Zoe Brimelow, a director at Duo, expressed, “The Plastic Packaging Tax is set to raise more than £266 million in its first year, which would exceed its target by £30 million. It’s an intriguing question how the Government will allocate this revenue.”
She also added that once the costs are covered, there might be a surplus of around £220m from this essentially new source of income.
Reinvestment In Recycling
The industry has been vocal in its demand for investment into the UK’s recycling infrastructure.

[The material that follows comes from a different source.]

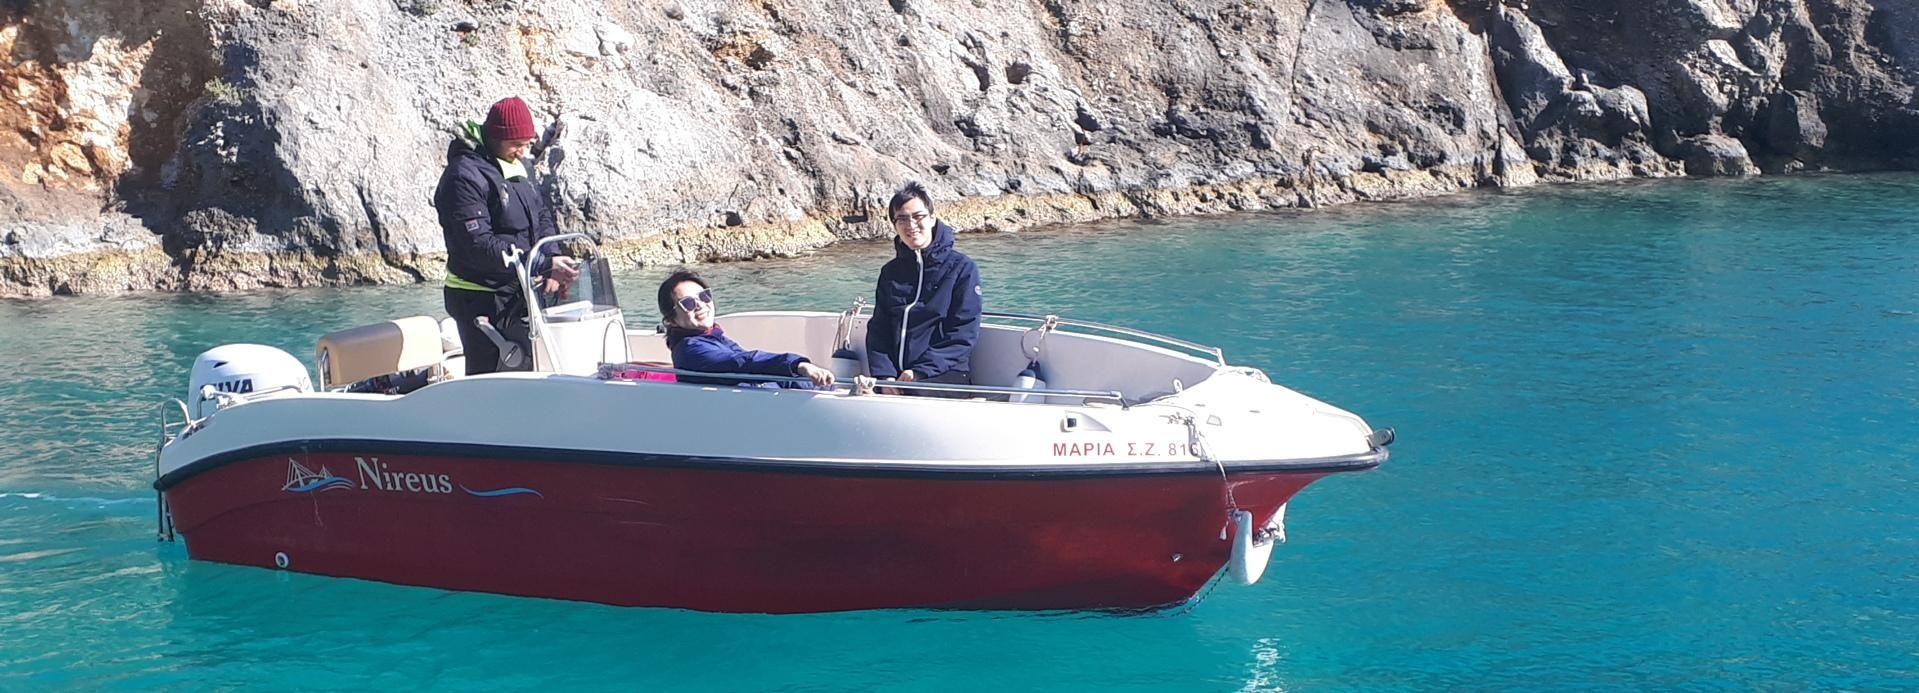 Porto Vromi: tour privado en barco por la playa de Navagio y las cuevas azules

Brimelow went on to state that it’s too soon to judge the success or failure of the tax. The fact that first-year revenues are poised to surpass projections does not necessarily indicate that the tax isn’t promoting the increased use of plastic packaging containing at least 30% recycled plastic. On the contrary, the initial revenue projections might have been conservative.

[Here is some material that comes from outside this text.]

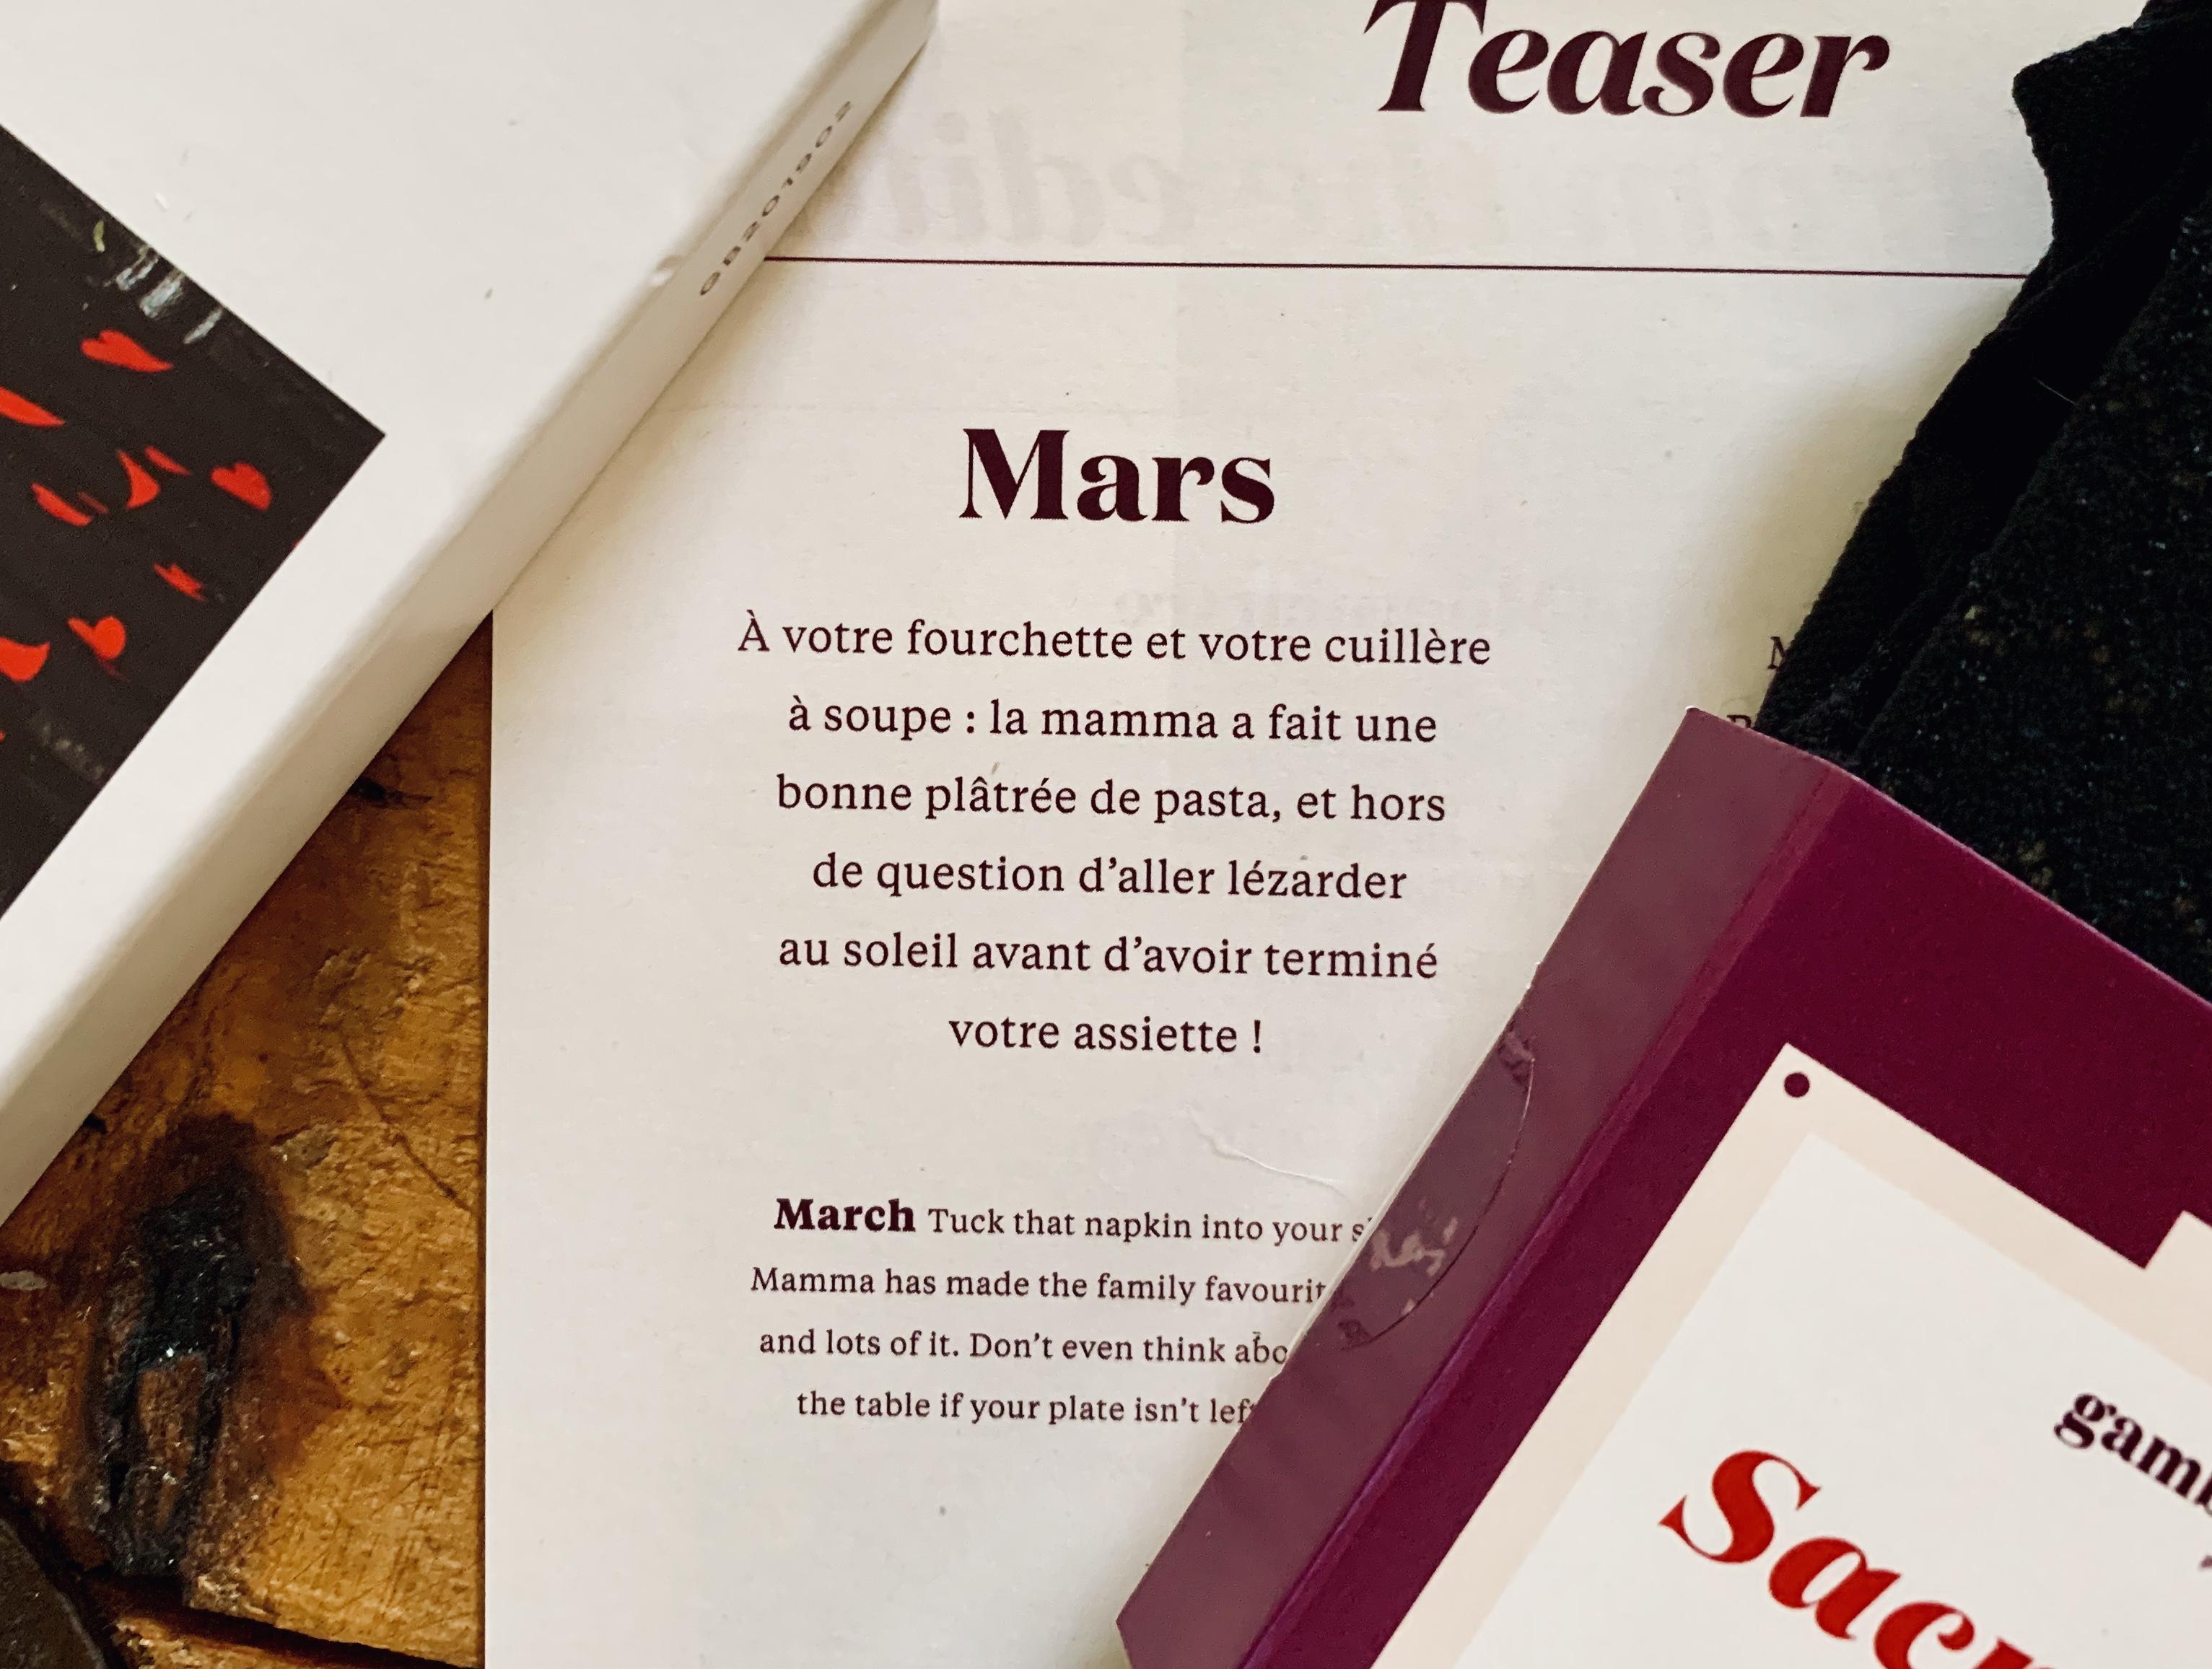 Gambettes Box de Mars 2019

She also pointed out a significant increase in the number of organisations filing PPT returns since the first quarter, attributing this to the growing awareness of the Extended Producer Responsibility (EPR) policy. This policy, set to be implemented this year, is encouraging more businesses to consider their packaging compliance.
Let’s Recycle It
At Let’s Recycle It, we welcome the prospect of government reinvestment into recycling infrastructure using PPT revenue. We work closely with businesses everyday to promote sustainable and profitable recycling, so we see very clearly the opportunity this £200M presents.
This revenue has the potential to give the boost to the UK’s recycling infrastructure that it desperately needs. As a company deeply involved in the recycling sector, we believe that reinvestment of these funds would greatly improve the capacity, efficiency, effectiveness and scope of recycling processes, benefitting both the economy and the environment.

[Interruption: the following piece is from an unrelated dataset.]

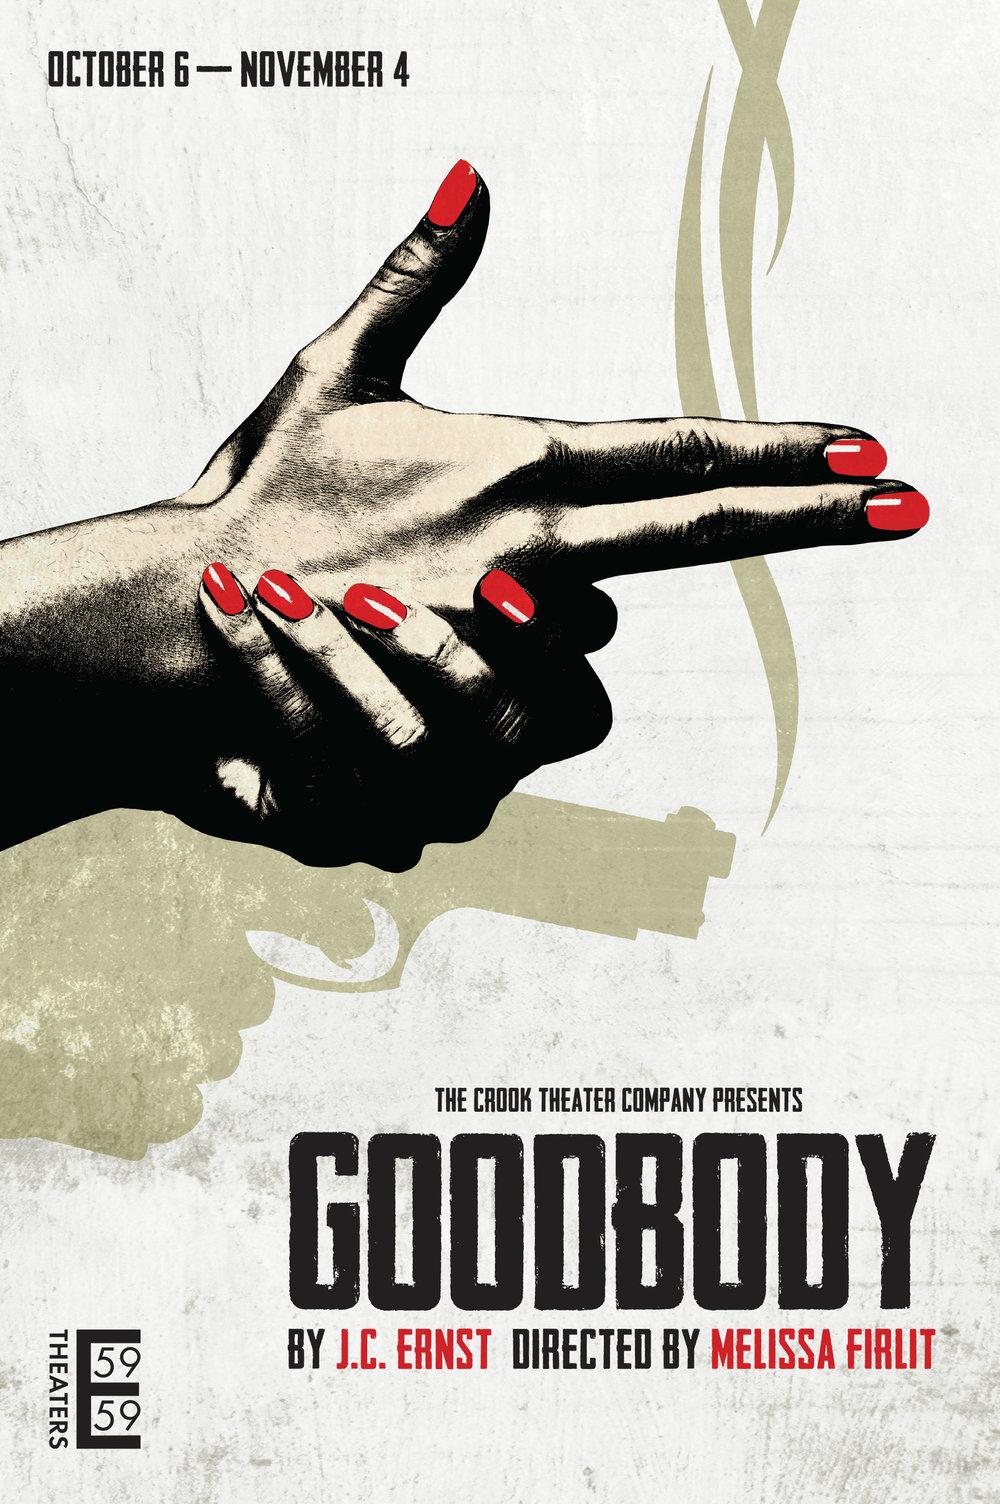 goodbody-poster.jpg

Let’s Recycle It is therefore backing the call made by Duo UK and the wider industry. We hope that this large sum, which essentially is a new source of income for the government, could be channelled into the recycling infrastructure to boost its capacity, improve its technology, and encourage more businesses to consider their packaging compliance, thus driving the country towards a more sustainable future.
We firmly believe in the potential of the Plastic Packaging Tax to encourage greater use of recycled plastic in packaging. Seeing the revenue used to enhance recycling in the UK would be a fitting and forward-thinking application of these funds. As the dialogue around the Extended Producer Responsibility policy heightens, it’s an opportune time for businesses to think about their packaging compliance. A stronger recycling infrastructure, supported by this tax, could help to make that a more viable and attractive option.With this in mind, those of us here Let’s Recycle It will be keenly watching how the government plans to allocate the tax revenue. If directed correctly, it could prove a significant catalyst in the UK’s journey towards sustainability.